● **Work request**: Line by line, give the data again exactly as it appears, but without pictures.

------ Source material ------

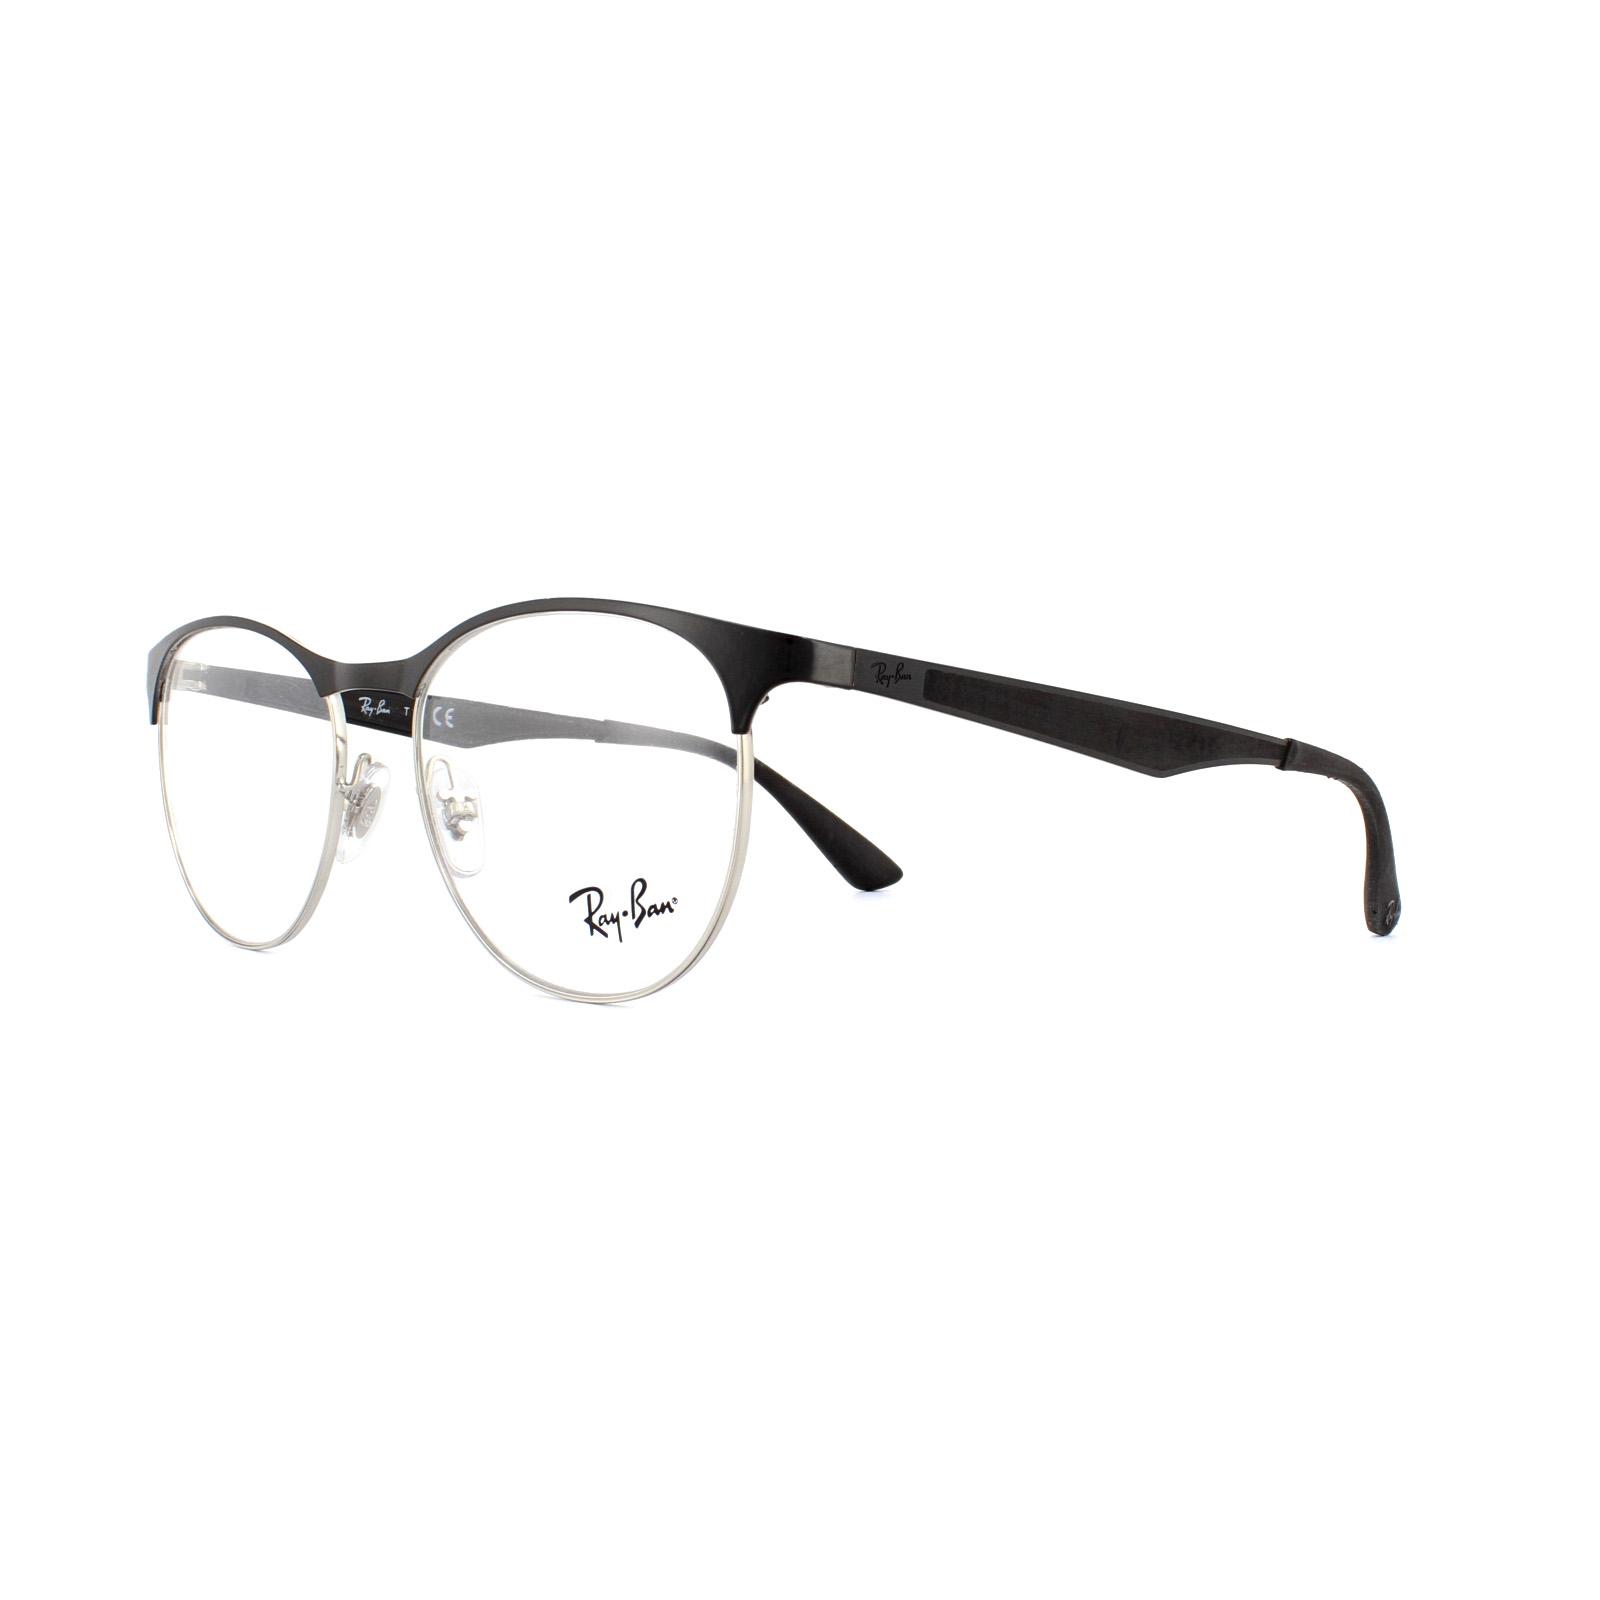 8d3e4b8aeb4 Cheap Ray-Ban 6365 Glasses Frames - Discounted Sunglasses
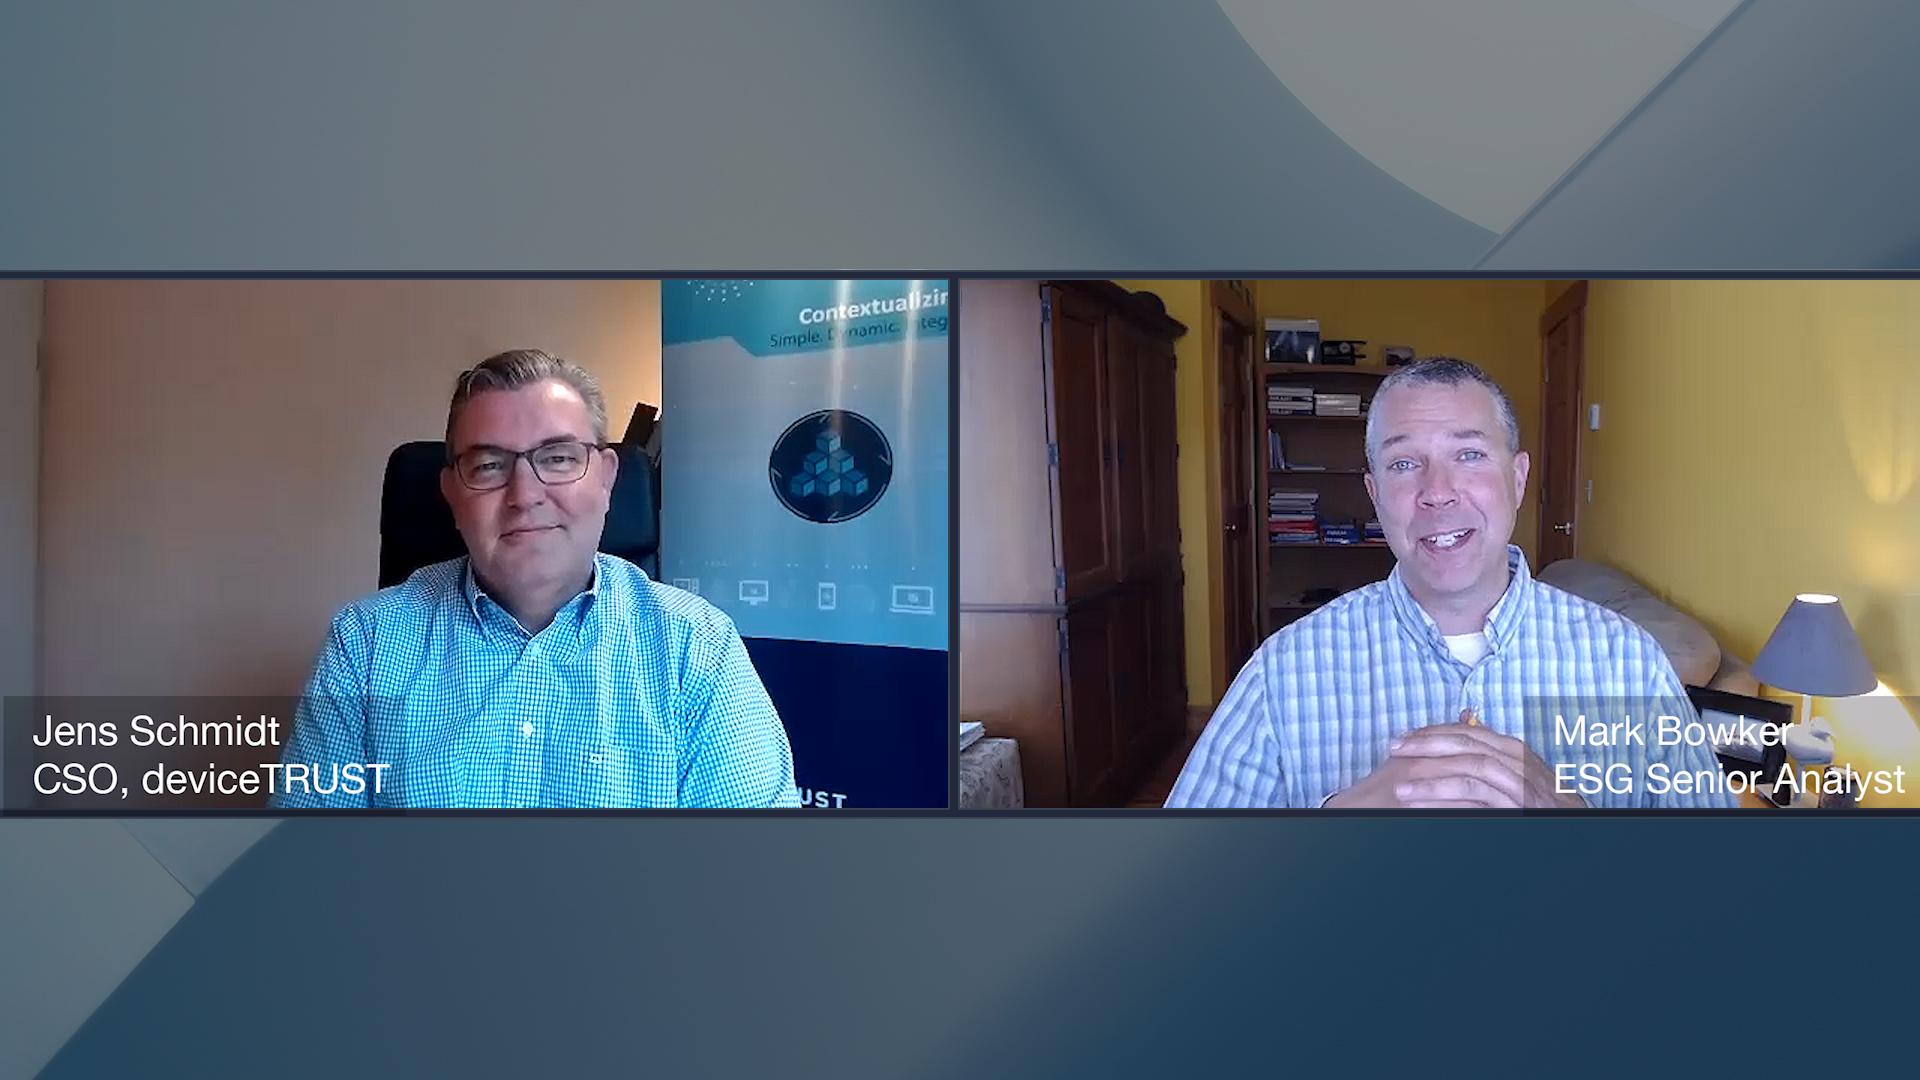 ESG360 Video: Digital Workspace Ecosystem Conversation with Jens Schmidt of deviceTRUST
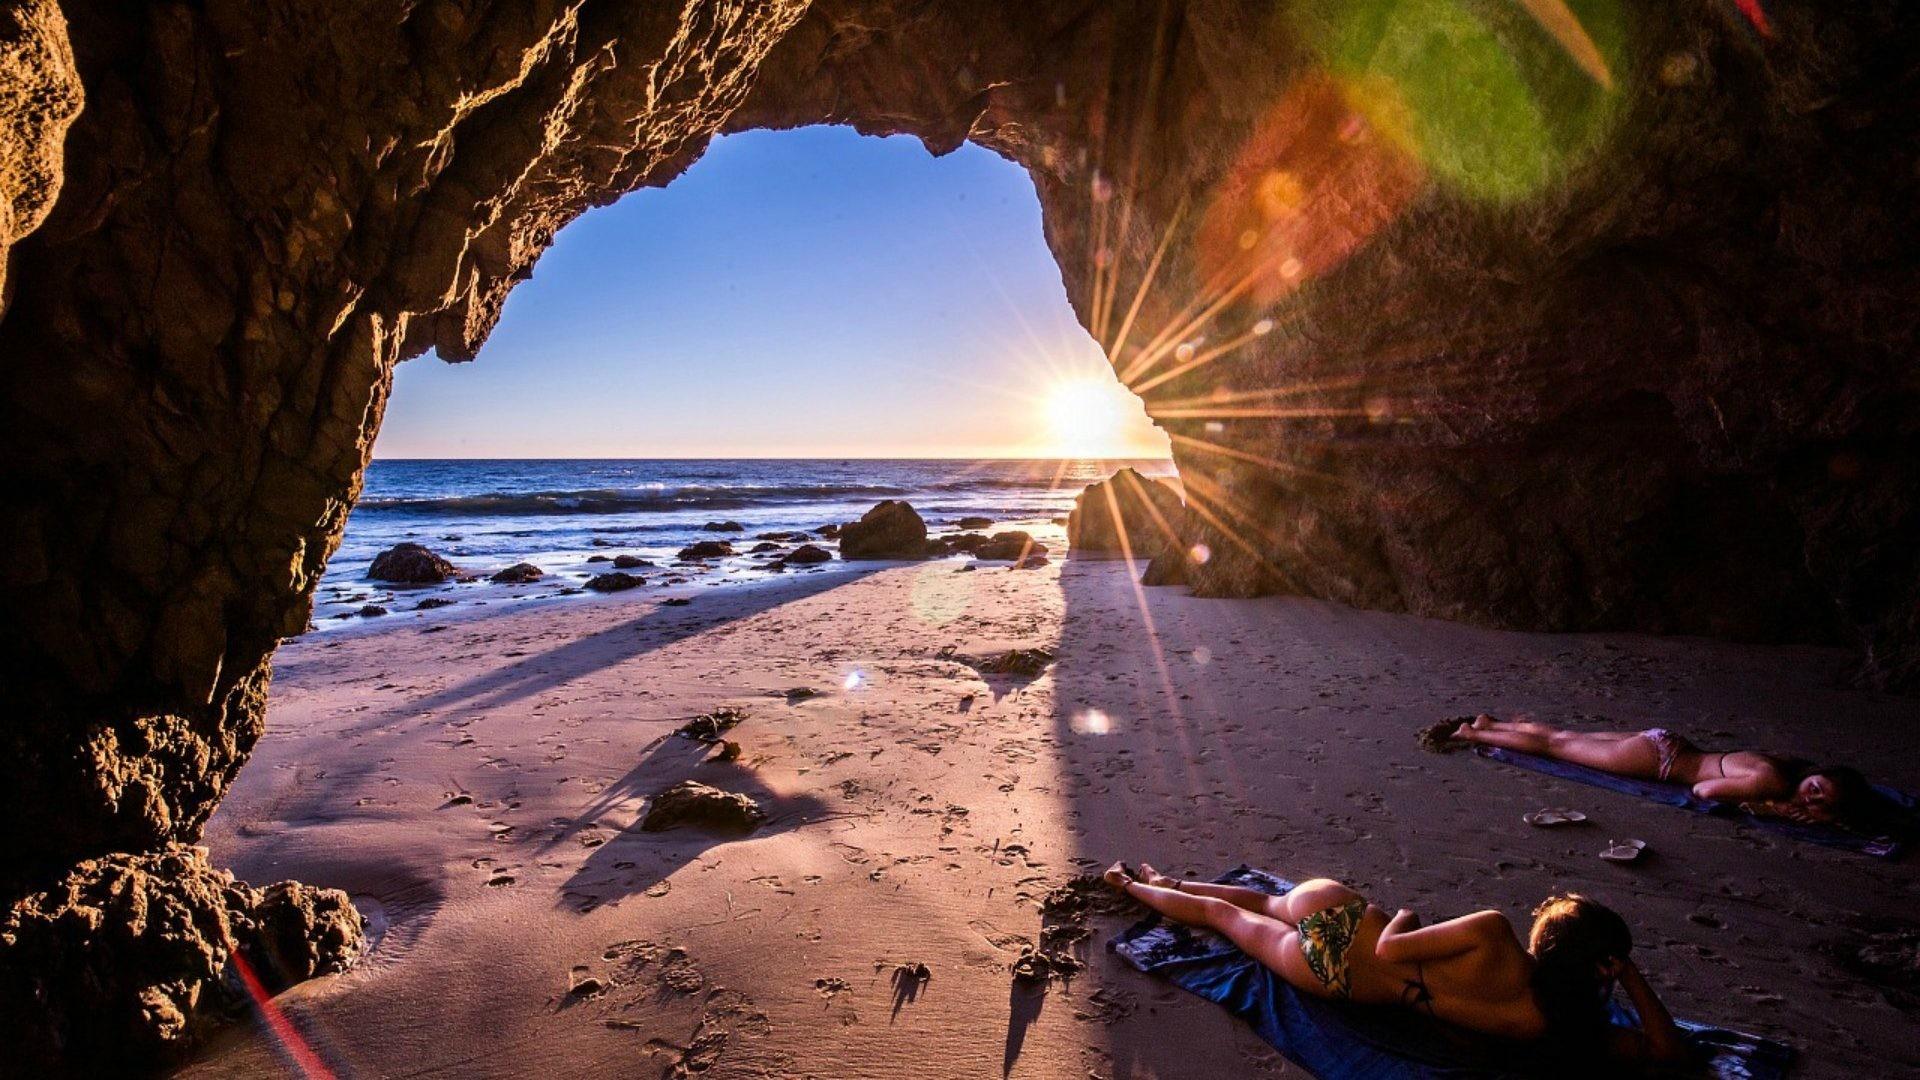 2560x1600 California Beaches Tumblr

------

● **Task solution**:
 8d3e4b8aeb4 Cheap Ray-Ban 6365 Glasses Frames - Discounted Sunglasses
 ESG360 Video: Digital Workspace Ecosystem Conversation with Jens Schmidt of deviceTRUST
 2560x1600 California Beaches Tumblr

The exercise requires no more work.